The construction will automatically create one or more jobs for each VCF file, each of them corresponding to one or more contigs (non-alt paths in the input graph). The size of a job is the total length of the paths in it (in nodes), and the maximum size of a job is the length of the longest path in the graph. By default, contigs are assigned to jobs using a first-fit heuristic in decreasing order by length. This can be overridden with option --inputs-as-jobs, which creates one job for each VCF file.

Each construction job uses two parallel threads, but one of the threads is usually idle. By default, vg gbwt runs N/2 construction jobs in parallel, where N is the number of logical CPU cores. This can be changed with option --num-jobs N (e.g. if there are memory constraints).

Construction from GFA format

Example: GBWT of W-lines.

# Build a GBWT of the walks in the GFA file.
vg gbwt -o walks.gbwt -G walks.gfa

Example: GBWT of P-lines.

# Build a GBWT of the paths in the GFA file.
# Parse metadata from path names of the form <sample>_<contig>_<haplotype>.
vg gbwt -o paths.gbwt --path-regex "(.*)_(.*)_(.*)" --path-fields _SCH -G paths.gfa

A GFA file can be converted into a GBWT index (and optionally a GBWTGraph; see step 5) with option -G / --gfa-input. This construction option requires one input arg. The construction will convert W-lines or P-lines into GBWT threads. If both line types are present, the P-lines will be interpreted as reference paths. The reference paths will be stored with sample name _gbwt_ref and using the path name as contig name. When a GBWTGraph is converted into another graph type with vg convert, threads with sample name _gbwt_ref will be stored as paths.

GFA parsing will automatically select an appropriate buffer size for GBWT construction. This can be overridden by setting --buffer-size manually.

GFA parsing options

  • --max-node N: Chop segments longer than N bp (default 1024, use 0 to disable).
  • --path-regex X: Parse metadata from path names using regex X (default .*).
  • --path-fields X: Map regex submatches to these fields (default S).
  • --translation FILE: Write the segment to node translation table to FILE. A translation table is generated if the segments have string names or if they have to be chopped into multiple nodes.

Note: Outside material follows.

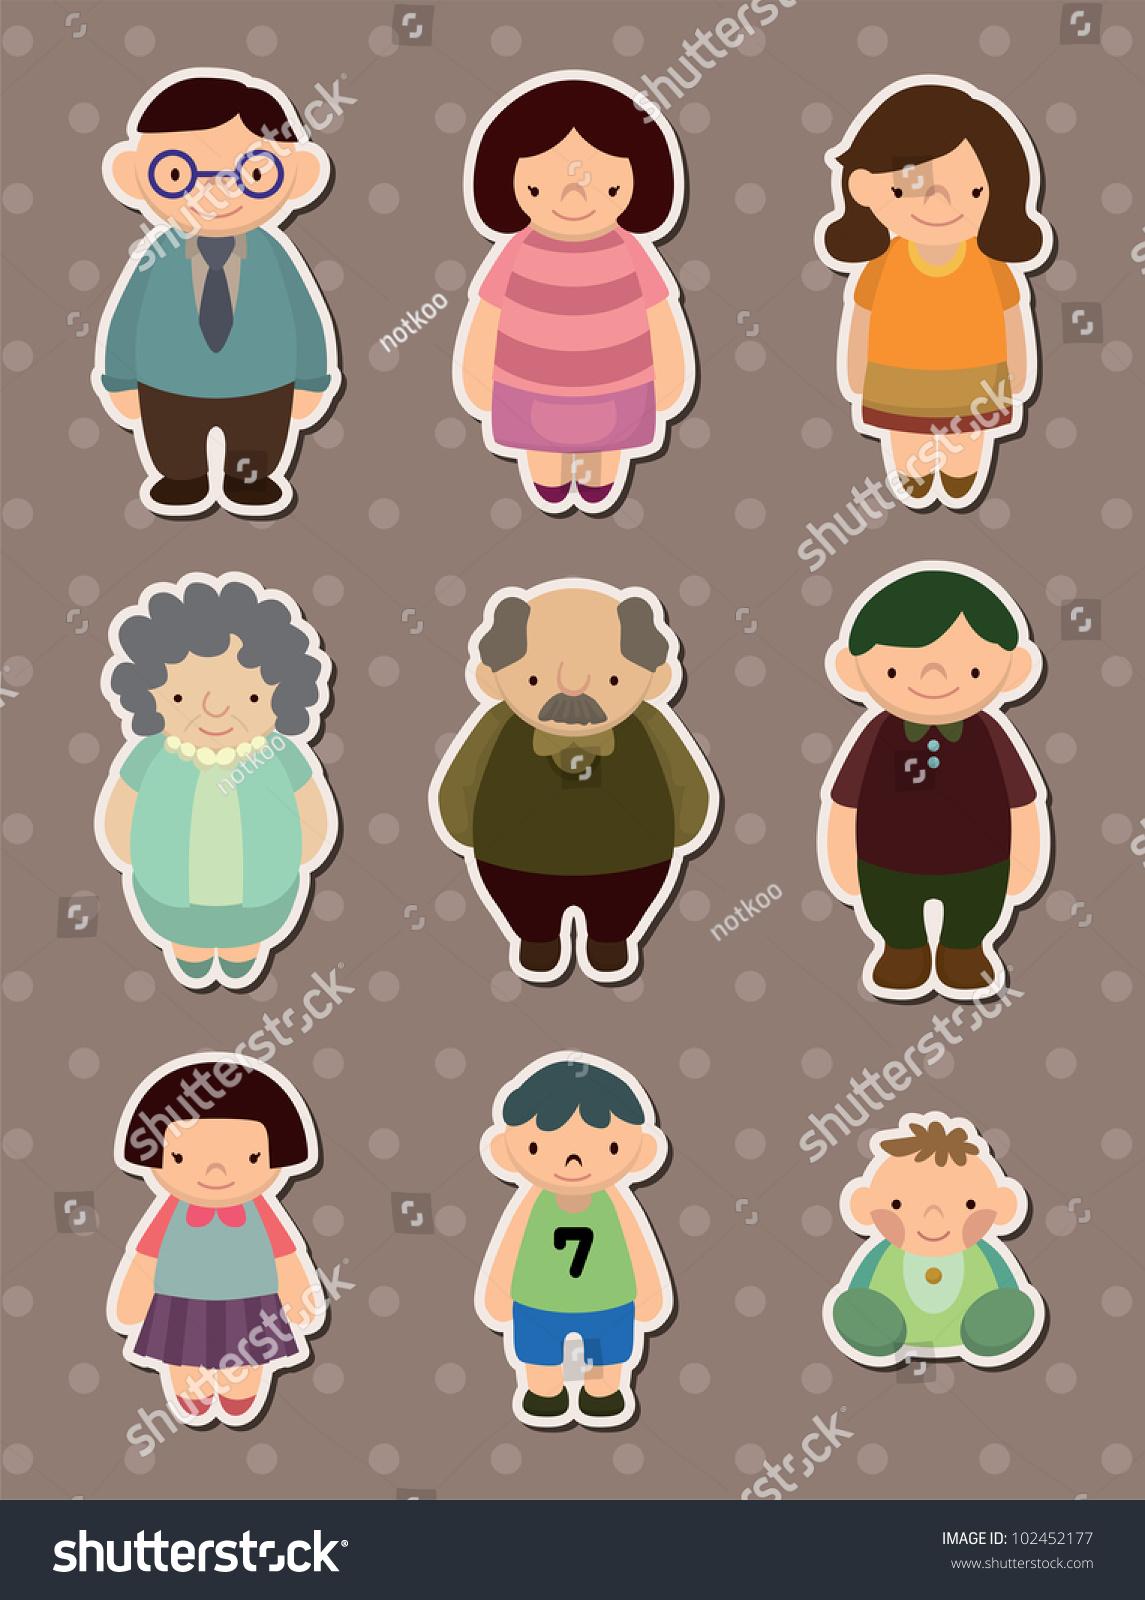 Family Stickers Stock Vector 102452177 - Shutterstock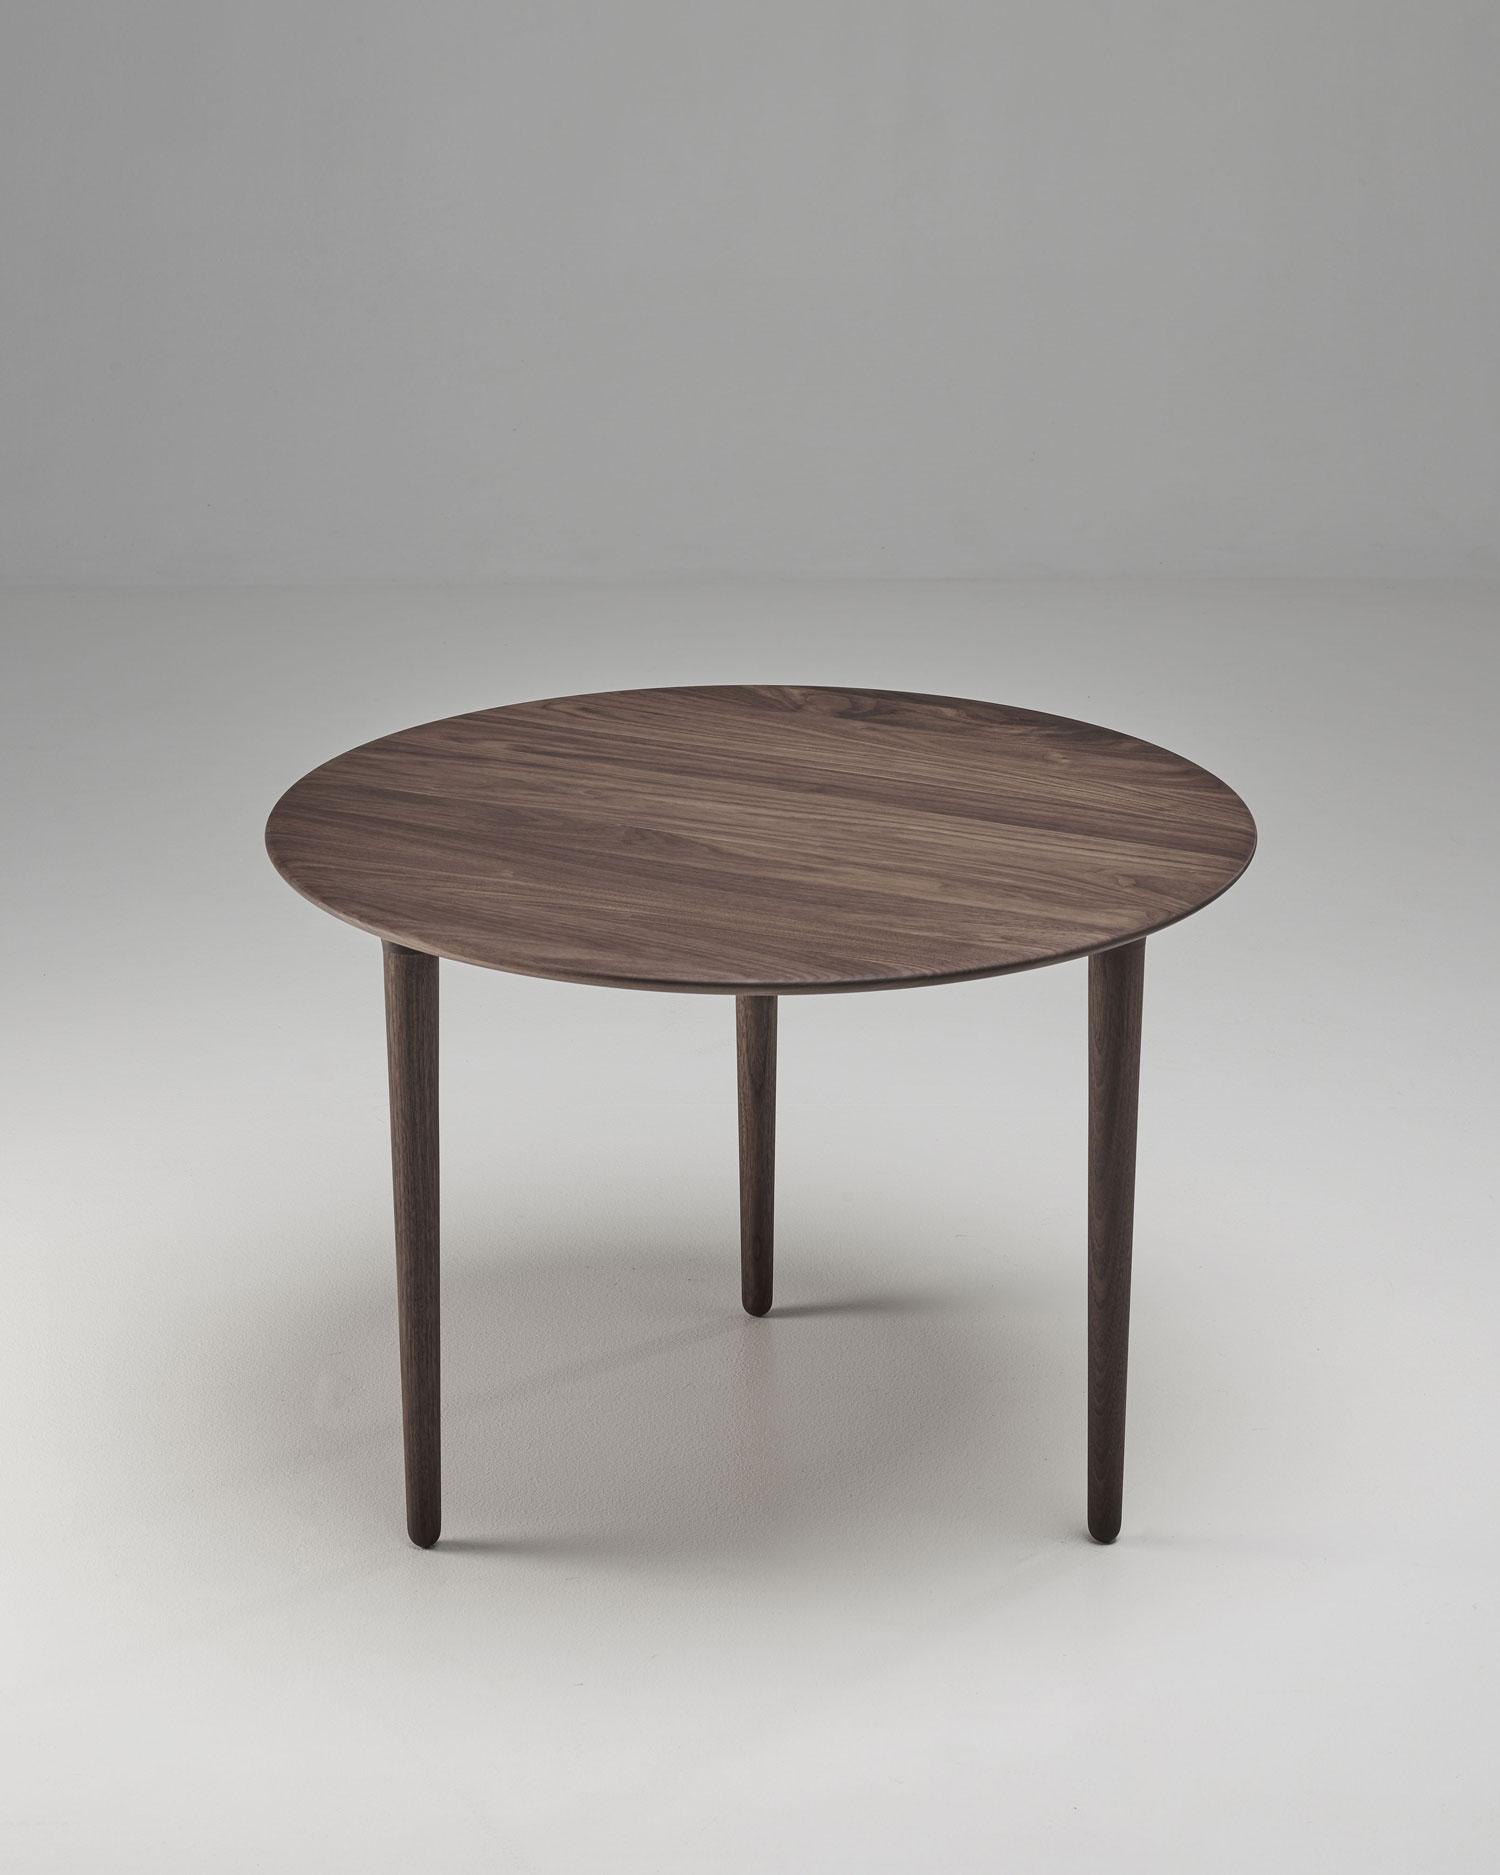 Stylecraft Eikund Evja Coffee Table Mid Century Design Photo Tom Haga Yellowtrace 01

Parsing metadata from path names

When indexing P-lines (with no W-lines in the file), GBWT metadata is parsed from path names using the regular expression specified by option --path-regex. The path name is recursively split into submatches corresponding to parts of the regex enclosed by parentheses. The tree of submatches, with the entire path name as the root, is traversed in preorder. The submatches are assigned to GBWT metadata fields according to the string specified by option --path-fields.

Metadata fields (case insensitive):

  • S: Sample name (string).
  • C: Contig name (string).
  • H: Haplotype / phase identifier (integer).
  • F: Fragment identifier / running count (integer).
  • Other: Ignore this field.

In the above example, path names of the form <sample>_<contig>_<haplotype> are parsed using options --path-regex "(.*)_(.*)_(.*)" and --path-fields _SCH.

Each GBWT thread must have a unique name based on the metadata fields. If the fragment indentifier field F is left unspecified, threads with otherwise identical metadata will be disambiguated by automatically assigned fragment identifiers.

Extraction from a GBZ file

Example:

# Extract the GBWT index from a GBZ file.
vg gbwt -o graph.gbwt -Z graph.gbz

The GBWT index in a GBZ file can be extracted with option -Z / --gbz-input. This construction option requires one input arg. See step 5 for extracting the GBWTGraph as well.

Starting from version 1.37.0, the segment to node translation table can also be extracted with option --translation FILE.

Construction from embedded paths

Construction from embedded paths requires an input graph (-x / --xg-name).

Example:

# Build a GBWT of the embedded (reference) paths with each path as a contig in
# the GBWT metadata.
vg gbwt -x graph.xg -o ref-paths.gbwt -E

The embedded paths in a graph can be indexed as GBWT threads with option -E / --index-paths. This construction option does not use input args. By default, the paths are assumed to be reference paths. GBWT metadata will store path names as contig names and use an artificial sample name ref for all threads. This can be reversed with option --paths-as-samples: path names become sample names and all threads will be over an artificial contig with name 0.

Construction from GAF/GAM files

Construction from GAF/GAM input requires an input graph (-x / --xg-name).

Example:

# Build a GBWT of the alignments in the GAF files.
vg gbwt -x graph.xg -o alignments.gbwt -A aln1.gaf aln2.gaf

The paths corresponding to alignments can be converted to threads and stored in a GBWT index with option -A/ --alignment-input. Multiple alignment files can be given as input args, but they will be processed sequentially. The default input format is GAF. Alignment files in the GAM format used by older versions of VG can be indexed with option --gam-format.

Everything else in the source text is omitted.